UBS's Nick Nelson was the most bullish, predicting a 6700 close and Henk Potts of Barclays Wealth was the least optimistic, at just 6100. Every analyst predicted the benchmark will continue its rally, however.
"Over the course of next year, there will be dividend growth, interest rates will be pinned to the floor and equities as an asset class will continue to look attractive," said Paul Kavanagh, a partner at Killik & Co, who predicts a 6600 close.
"You can feel things that are going wrong but economies and companies don't behave in the same way — a lot of companies are cash rich, they don't have much bank debt and are looking to expand."
Analysts say that the Footsie's foreign focus will protect it from the coalition Government's spending cuts.
"I don't even think of the UK when I make my FTSE 100 forecasts. We estimate between 70% and 75% of revenues come from abroad," said Mike Lenhoff, Brewin Dolphin's chief strategist, who has a prediction of 6450.
"Two major economies will be spear-heading global growth: China and the US. That is good for corporate earnings.
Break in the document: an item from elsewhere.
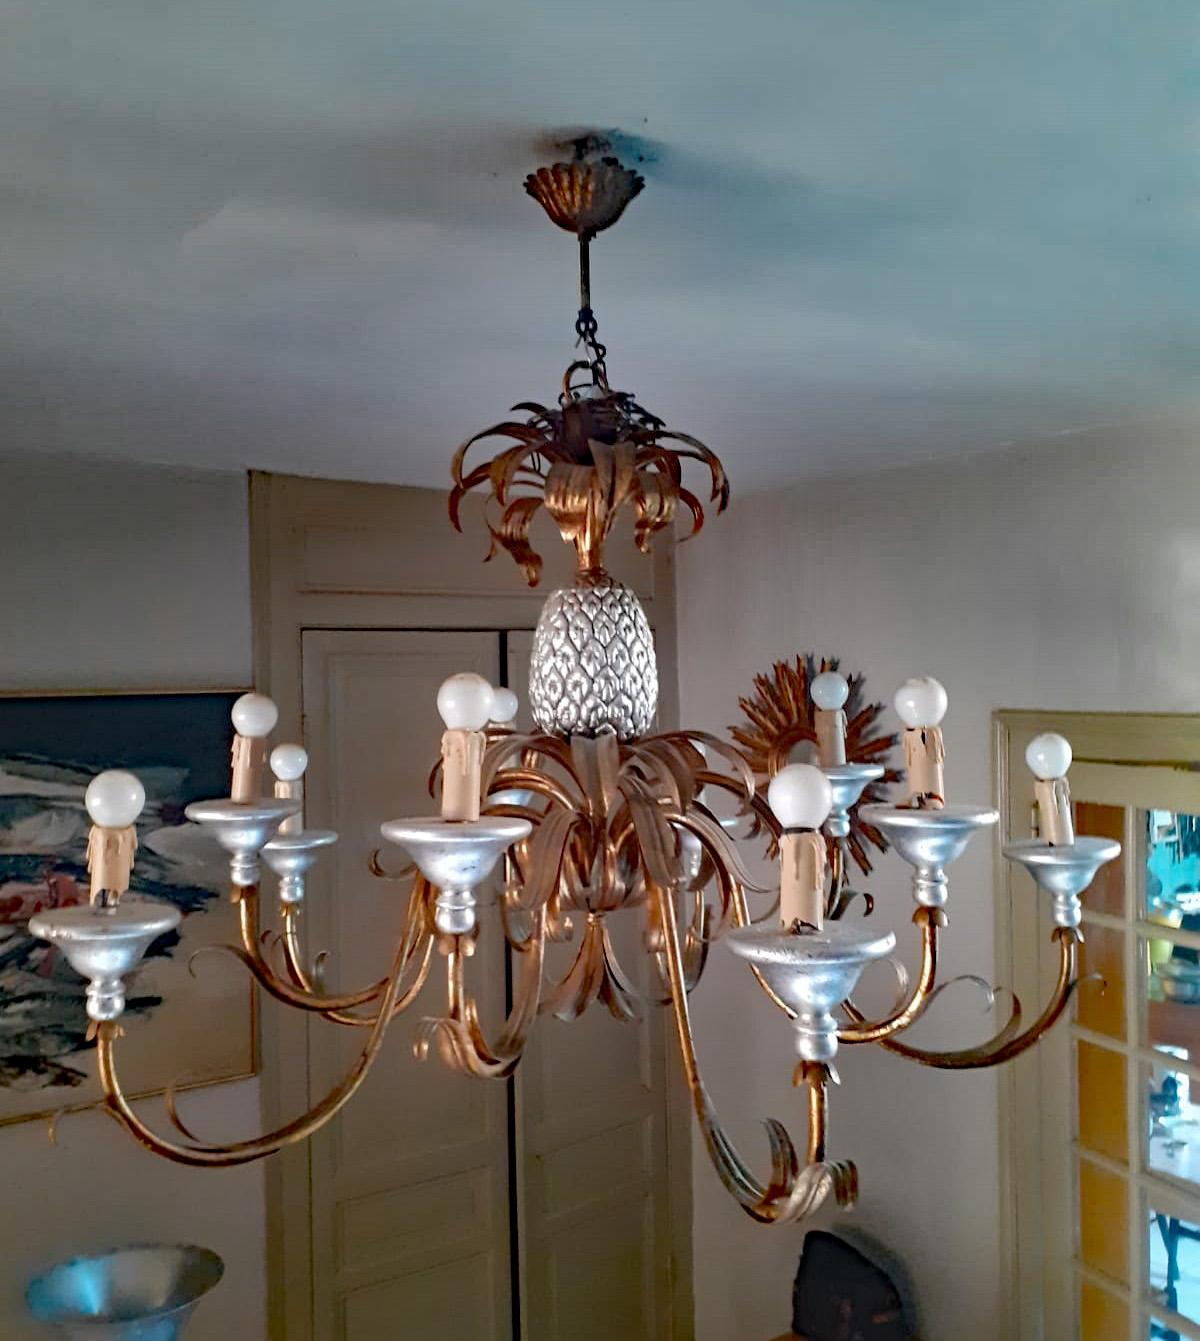 Large gilt metal and wood chandelier 10 lights
Good condition.
 

Expectations and forecasts for both corporate earnings and economic growth may be revised up."
However, he warned that this could have a knock-on effect on interest rates: "The days of record-low interest rates might be numbered. If the outlook for growth is more promising, central banks will have to re-think their policies — that will temper the extent to which equity markets will rise."
Kavanagh added that he believes that investors should not be too concerned about the Chinese economy: "Its property market might overheat and the banking industry might overheat, but it is not a big bubble — more like a bar of Aero."
The benchmark has risen 7.5% from 5413 points at the start of this year, to its present position of 5817.18.
Last year, market strategists were much more divided about the prospects for the index, with Morgan Stanley predicting a fall of 7% and UBS predicting a 16% jump.
Killik's Kavanagh probably has the most cause to be smug: he predicted a close of 5850 for this year.